3. Avoid echo chambers – create space
Hear the term ‘echo chamber’ and chances are you associate it with online communities and social networking groups.
An echo chamber is groupthink—a collective reinforcing their opinions amongst themselves with no consideration given to alternative viewpoints because it feels better to confirm your own biases than to deal with opposing ideas.
Echo chambers are dangerous for society. That’s no exaggeration—the need for social approval has led to acceptance of morally questionable dogma and ideology throughout history via conformity to strong agendas of others.
Fast forward to the 21st century and we now have a tool that risks amplifying this: social media. These networks make it easier to find individuals who share the same opinions wherever they are in the world. Plus it also makes it easier to be polemical and dogmatic about affairs, the internet provides a buffer between people communicating making it easier to be derogatory without worrying about the reaction you get as much as you would if you were face to face with someone.
Stay away from echo chambers on social media even if it feels nice to be in a group where everyone thinks the same. Most members in such groups are too far down the rabbit hole to realise how one-sided their thinking has become.
Some are obvious: political discussions, fan pages, and fad groups have echoes reverberating all over them.
But some are more subtle. Group admins who’re scared to discuss alternative opinions and enforce arbitrary rules. Companies who want you to belong to their community when in reality you’re part of their ecosystem to keep buying product after product without switching to a competitor. Individuals who shout the loudest and proudest making you think they’re a thought leader but lack substance underneath (there’s a LOT of these types).
Avoid echo chambers on social media and give yourself space to think clearly and be open-minded to other sources of opinion.

4. Focus on giving value through your posts
The key on how to use social media in a healthy way is giving value rather than taking it. Making your content and posts worthwhile for other people rather than mere filler pixels.
If you really want to take this concept to the next level, be a net contributor rather than consumer.
There’s a simple way of implementing this. Whenever you’re about to create a post, think: is this post giving real value to others? If the answer is “no”, don’t post it. If the answer is “maybe”, brainstorm how you can make it more valuable, otherwise get rid of it.

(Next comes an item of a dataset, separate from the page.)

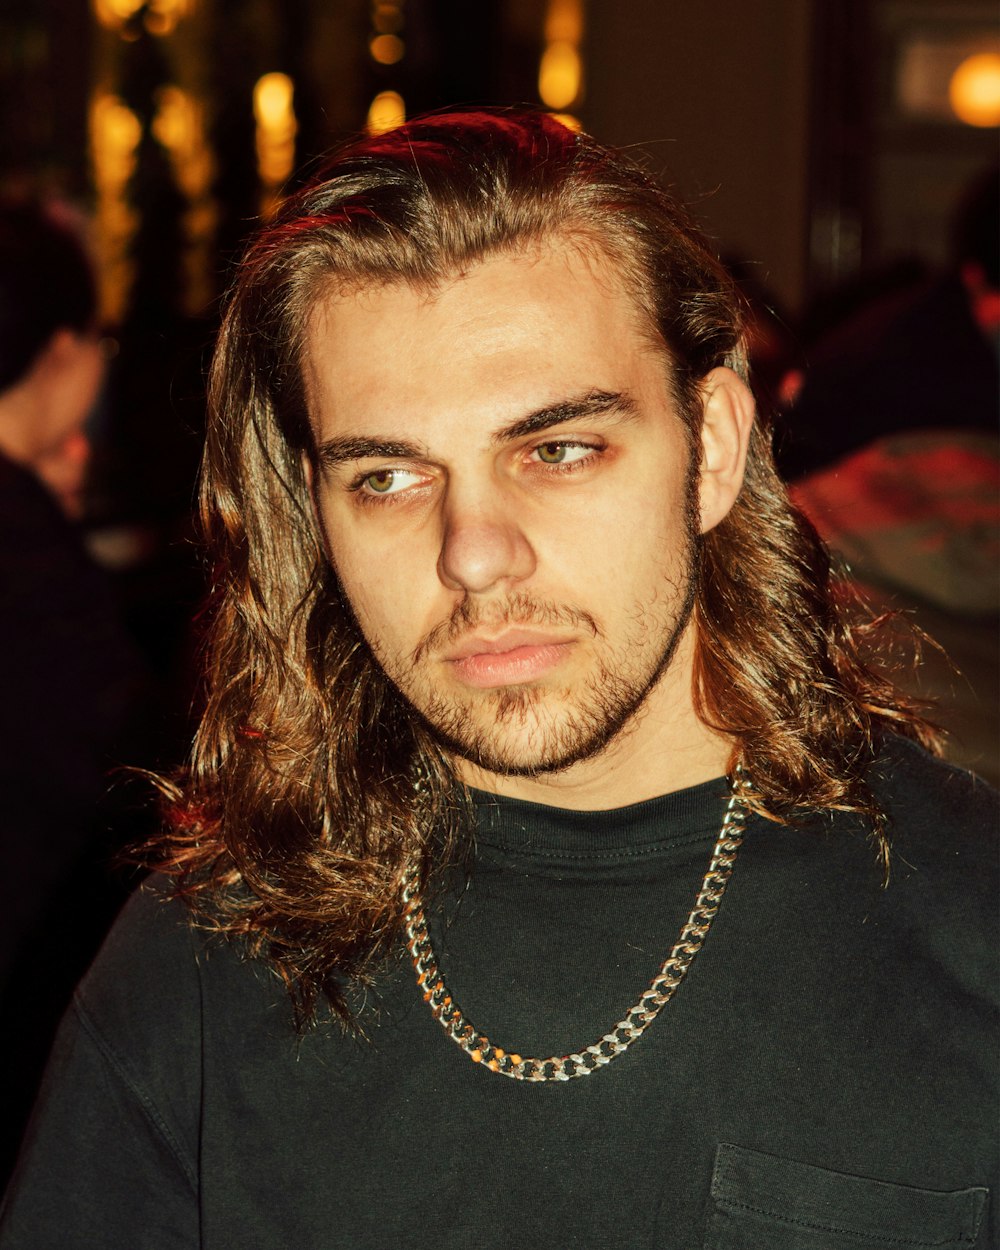 a man with long hair and a chain around his neck

Can you imagine an internet where everybody held this standard? Gone are most of the self-aggrandising selfies, that umpteenth pic of the same tourist spot that has had professional photographers snap it better, and unnecessary filtered imagery. In short, a better social media landscape for everyone.
Granted there’s no gold standard for what constitutes value. But I’m willing to bet if you asked most people how much of social media content is valuable, even the most obsessed influencers would agree that a huge proportion isn’t, whether that’s for entertainment or learning.

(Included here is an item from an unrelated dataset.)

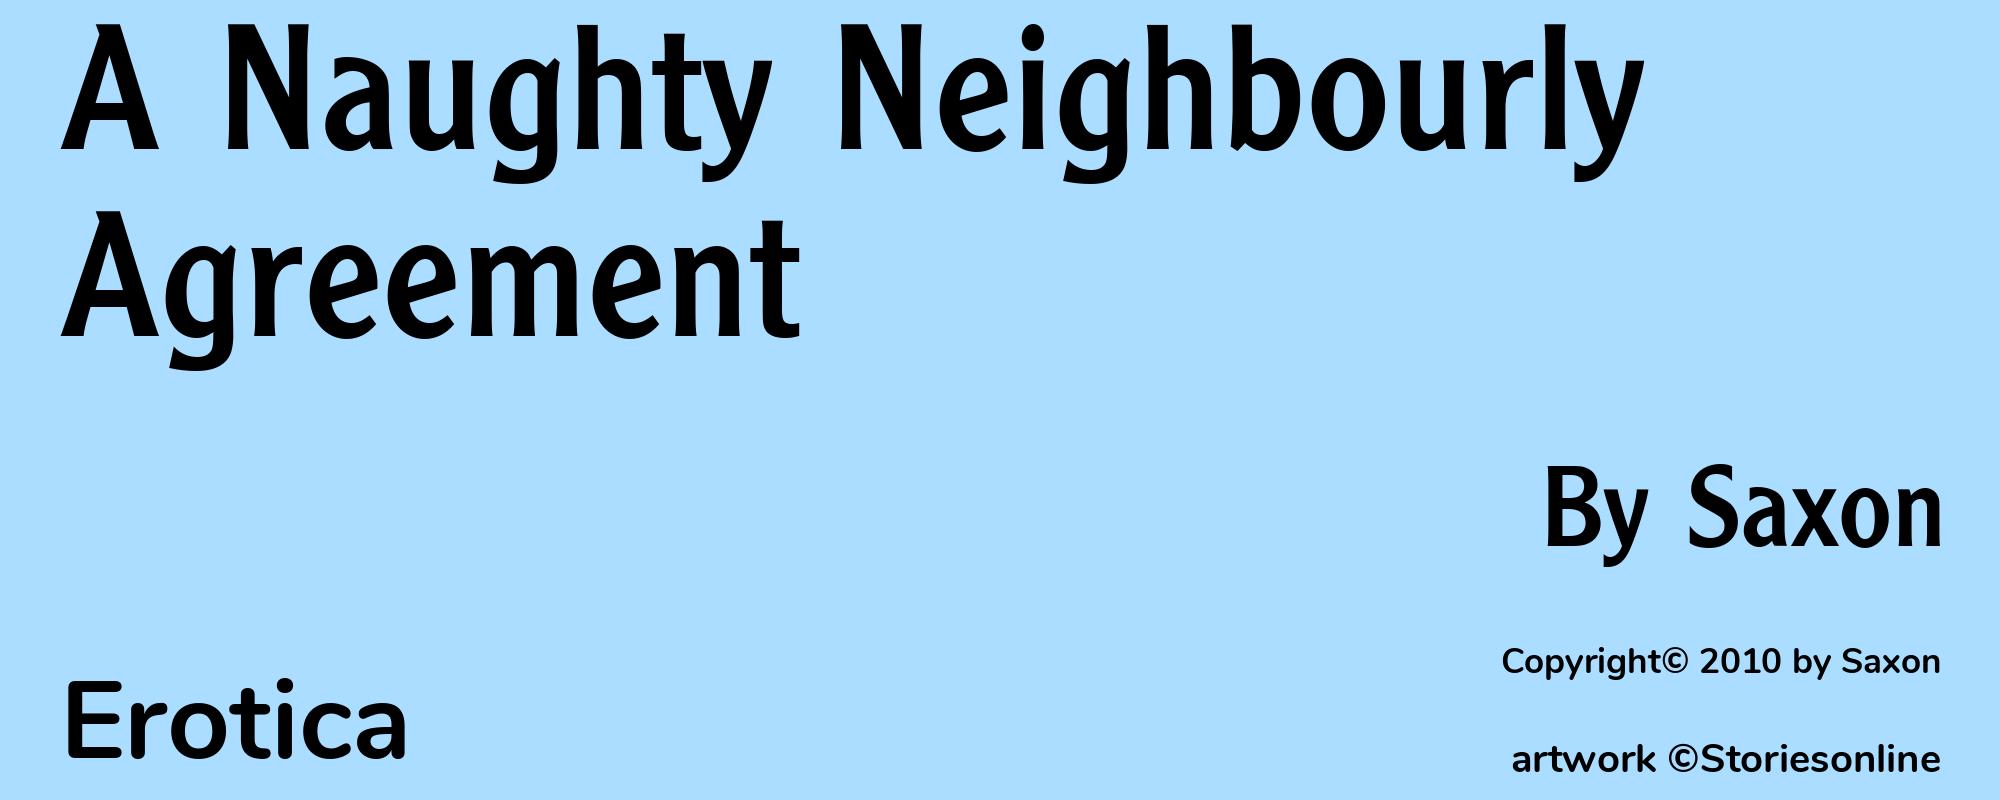 A Naughty Neighbourly Agreement - Cover

This might mean you publish less. And that’s ok. What you do publish will always be worth the viewer’s time. Quality over quantity, it’s cliche but holds true no less.
It’ll mean that what you do put out requires attention to detail not just spam releasing. That’ll make your efforts spent on the platform more rewarding.

Summary
Social media is one of the most seminal inventions of the 21st century and it’s here to stay. Despite its wide potential and outreach, it comes with many drawbacks for those who don’t know how to use social media in a healthy way. Among others, social media risks sapping our attention away in excess, festering FOMO-induced narcissism and perpetuating online echo chambers replete with groupthink.
Luckily, we can learn how to use social media in a healthy way. Limit your time on social media platforms to desktop or laptop web access which will prevent overuse. Have high filters for who you follow and consume content from. Avoid echo chambers like the plague. And above all, focus on giving value with your own content.
Social media can not only connect us with friends but it can also act as a proxy friend if you know how to use it well. Follow these tips on how to use social media in a healthy way to make it a win-win outcome for you.